The Intersection of Two Subgroups of Finite Index Has Finite Index

Question

I am attempting to work through Shatz and Gallier's Algebra, and I would like help verifying and cleaning up the proof of the following problem:

Problem: In an infinite group, prove that the intersection of two subgroups of finite index has finite
index itself.

Proof: Let $H, K$ be subgroups of a group $G$. It suffices to show that $(G:H \cap K)\leq (G:H)(G:K).$ Let $C = \{g_iH\cap K\}, C' = \{g_j'H\}, C'' = \{g_k''K\}$ be the sets of distinct left cosets of $H\cap K, H$ and $K$ respectively.

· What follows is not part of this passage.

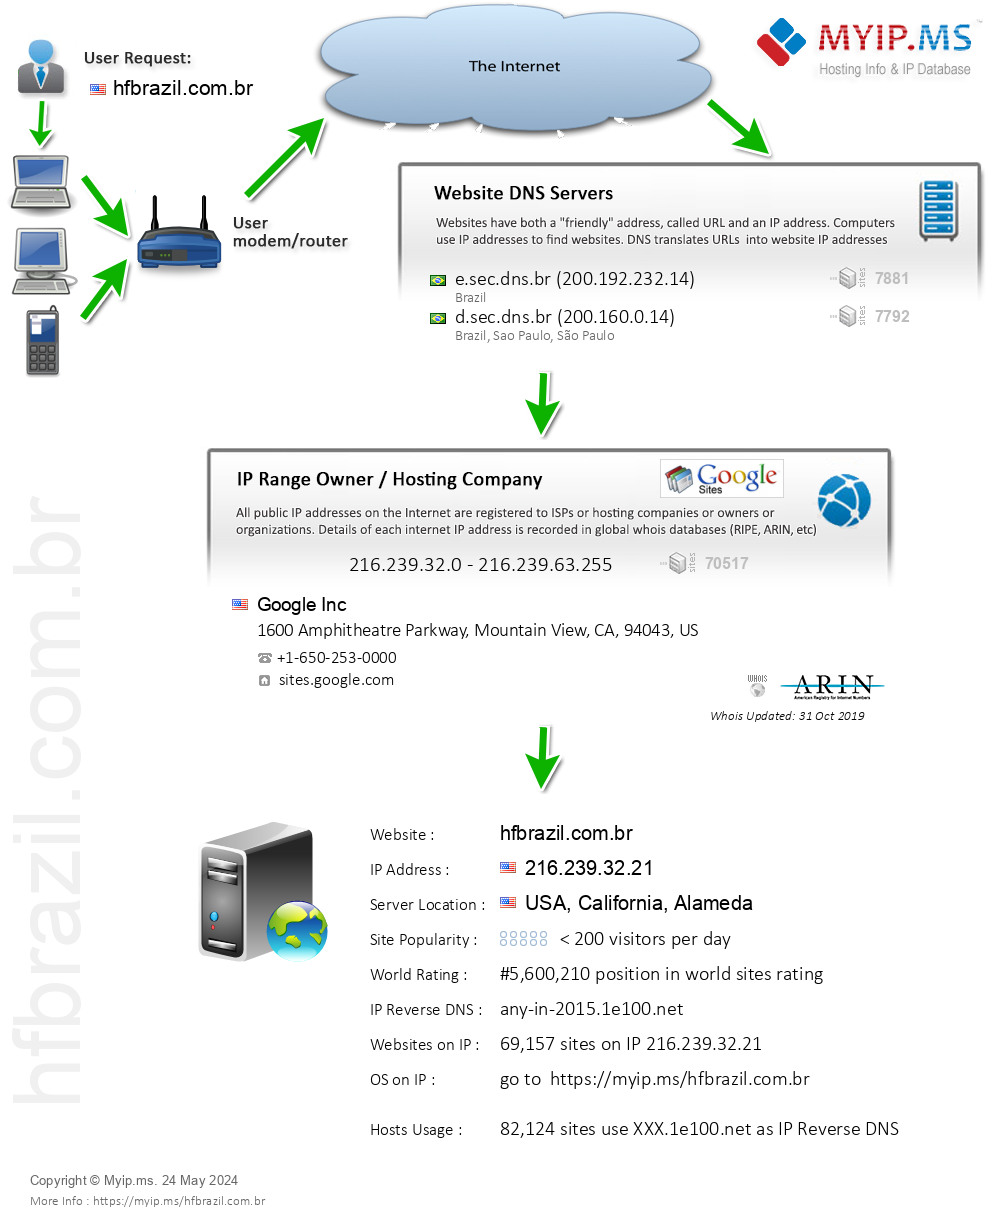 Hfbrazil.com.br - Website Hosting Visual IP Diagram
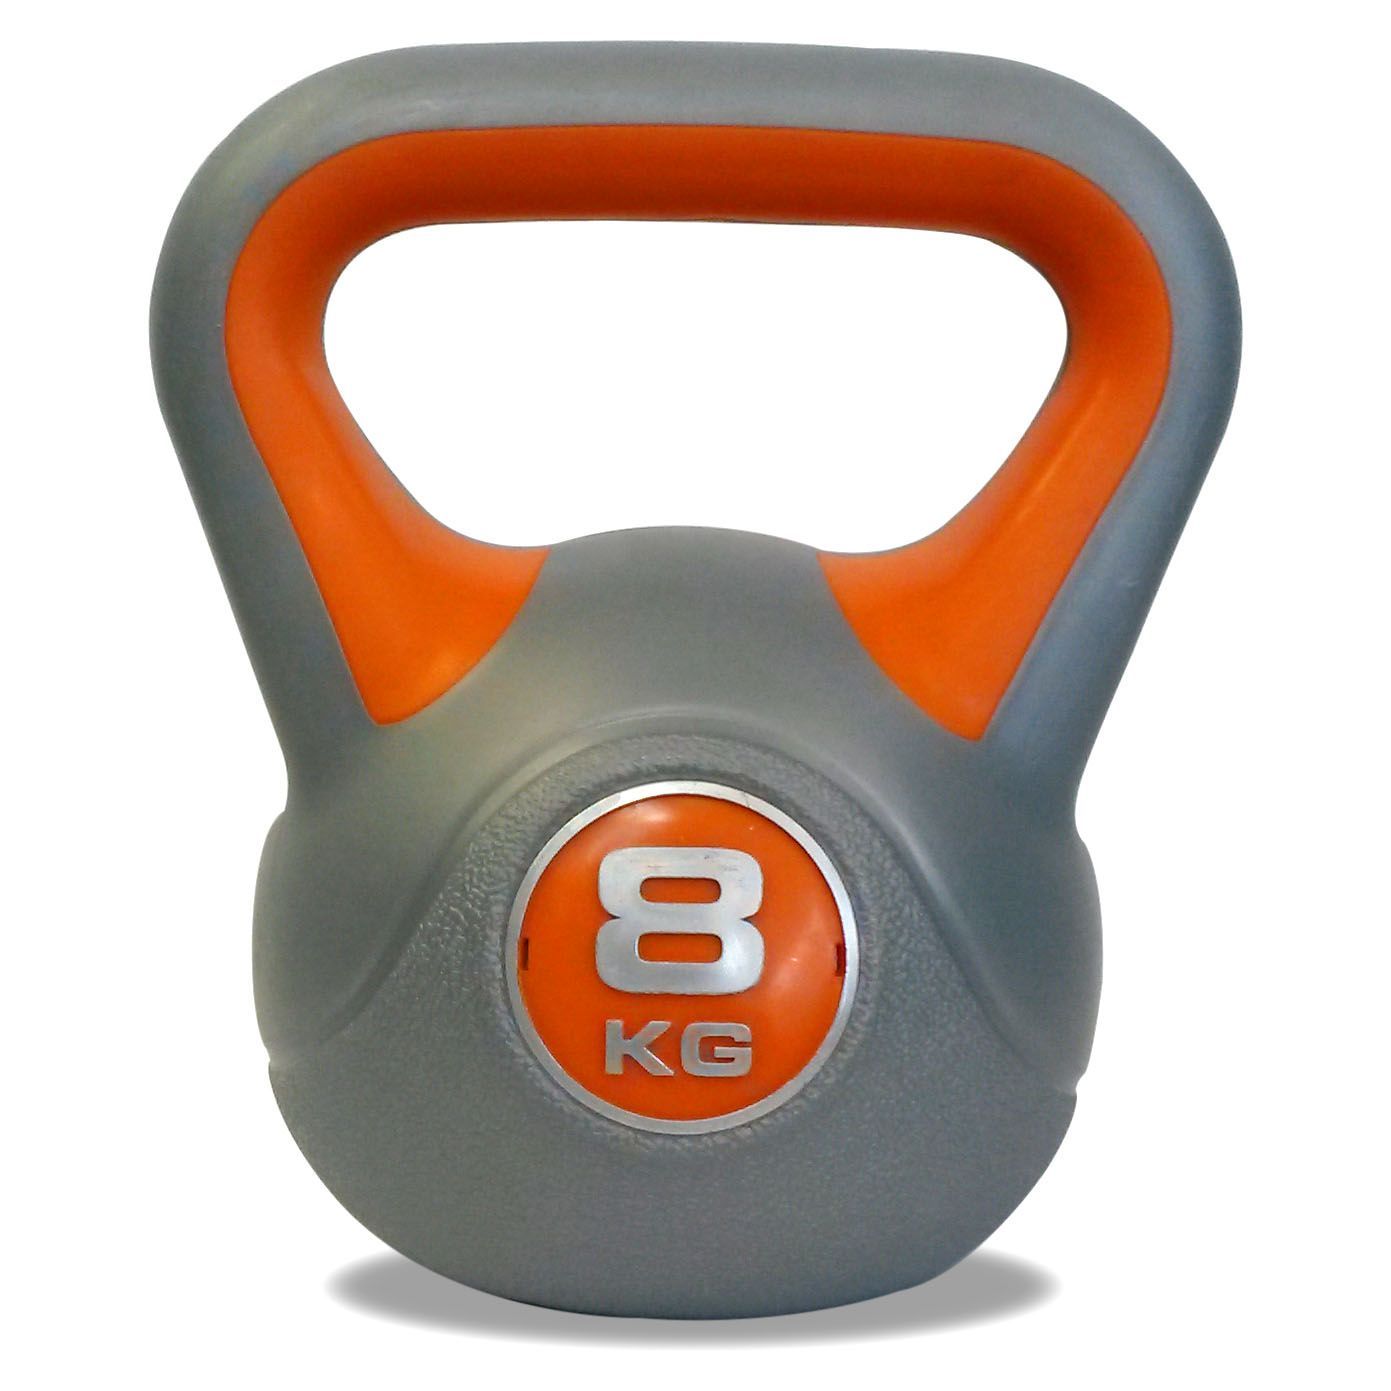 DKN 2, 4, 6, 8 and 10kg Vinyl Kettlebell Weight Set – Sweatband

Consider the map
\begin{align*}
\varphi: C&\hookrightarrow C'\times C'' \\
g_iH\cap K &\mapsto (g'_{j_i}H,g''_{k_i}K)
\end{align*}
where $g'_{j_i}$ and $g''_{k_i}$ are such that $g_iH\cap K \subset g'_{j_i}H$ and $g_iH\cap K \subset g''_{k_i}K.$ Check that this map is well-defined: there cannot be two distinct cosets $g'_{j_i}H, g'_{j'_i}H$ containing $g_iH\cap K$ as a subset, so we need only make sure $g'_{j_i}H$ exists. Choose an element $g_il$ of $g_iH\cap K$ and label the coset in $C'$ in which it lies $g'_{j_i}H.$ Then $g_il = g'_{j_i}h$ for some $h\in H,$ and for any $l' \in H\cap K$ $g_il' = g'_{j_i}hl^{-1}l'\in g'_{j_i}H.$ Thus the entire coset $g_iH\cap K$ lies in $g'_{j_i}H.$ By an analogous argument there exists a unique $g_k''K$ such that $g_iH\cap K \subset g''_{k_i}K.$

We now show that $\varphi$ is an injection. Suppose $g_1H\cap K, g_2H\cap K$ both lie in the same cosets $g'H, g''K.$ Fix $l \in H\cap K.$ Then $g_1l = g'h_1 = g''k_1$ for some $h_1, k_1 \in H, K$ respectively. Similarly $g_2l = g'h_2 = g''k_2$ for $h_2, k_2 \in H, K$ respectively. Then
\begin{align*}
g_1l &= g'h_1 = g''k_2h_2^{-1}h_1 = g_2lh_2^{-1}h_1\in g_2H \text{ and }\\
g_1l &= g''k_1 = g'h_2k_2^{-1}k_1 = g_2lk_2^{-1}k_1\in g_2K
\end{align*}
and after combining these statements we have that $g_1l \in g_2H\cap K,$ and $g_1, g_2$ define the same coset w.r.t. $H\cap K.$

Is this proof correct?

Answer 1

I like to offer an alternative proof, which is less computational. Let $H,K$ be subgroups of $G$ with finite indices. The action of $G$ on the set of left cosets $G/H$ by left multiplication yields a homomorphismus $f:G\to\mathrm{Sym}(G/H)$ with kernel $H_G\le H$ (the core of $H$ in $G$). Note that $H_G\unlhd G$ and $|G:H_G|\le|G:H|!$ is finite. It is easy to see that $G\to G/H_G\times G/K_G$, $g\mapsto (gH_G,gK_G)$ is homomorphism with kernel $H_G\cap K_G$. In particular, $|G:H_G\cap K_G|\le|G:H_K||G:K_G|$ is finite. The claim follows since $H_G\cap K_G\le H\cap K$.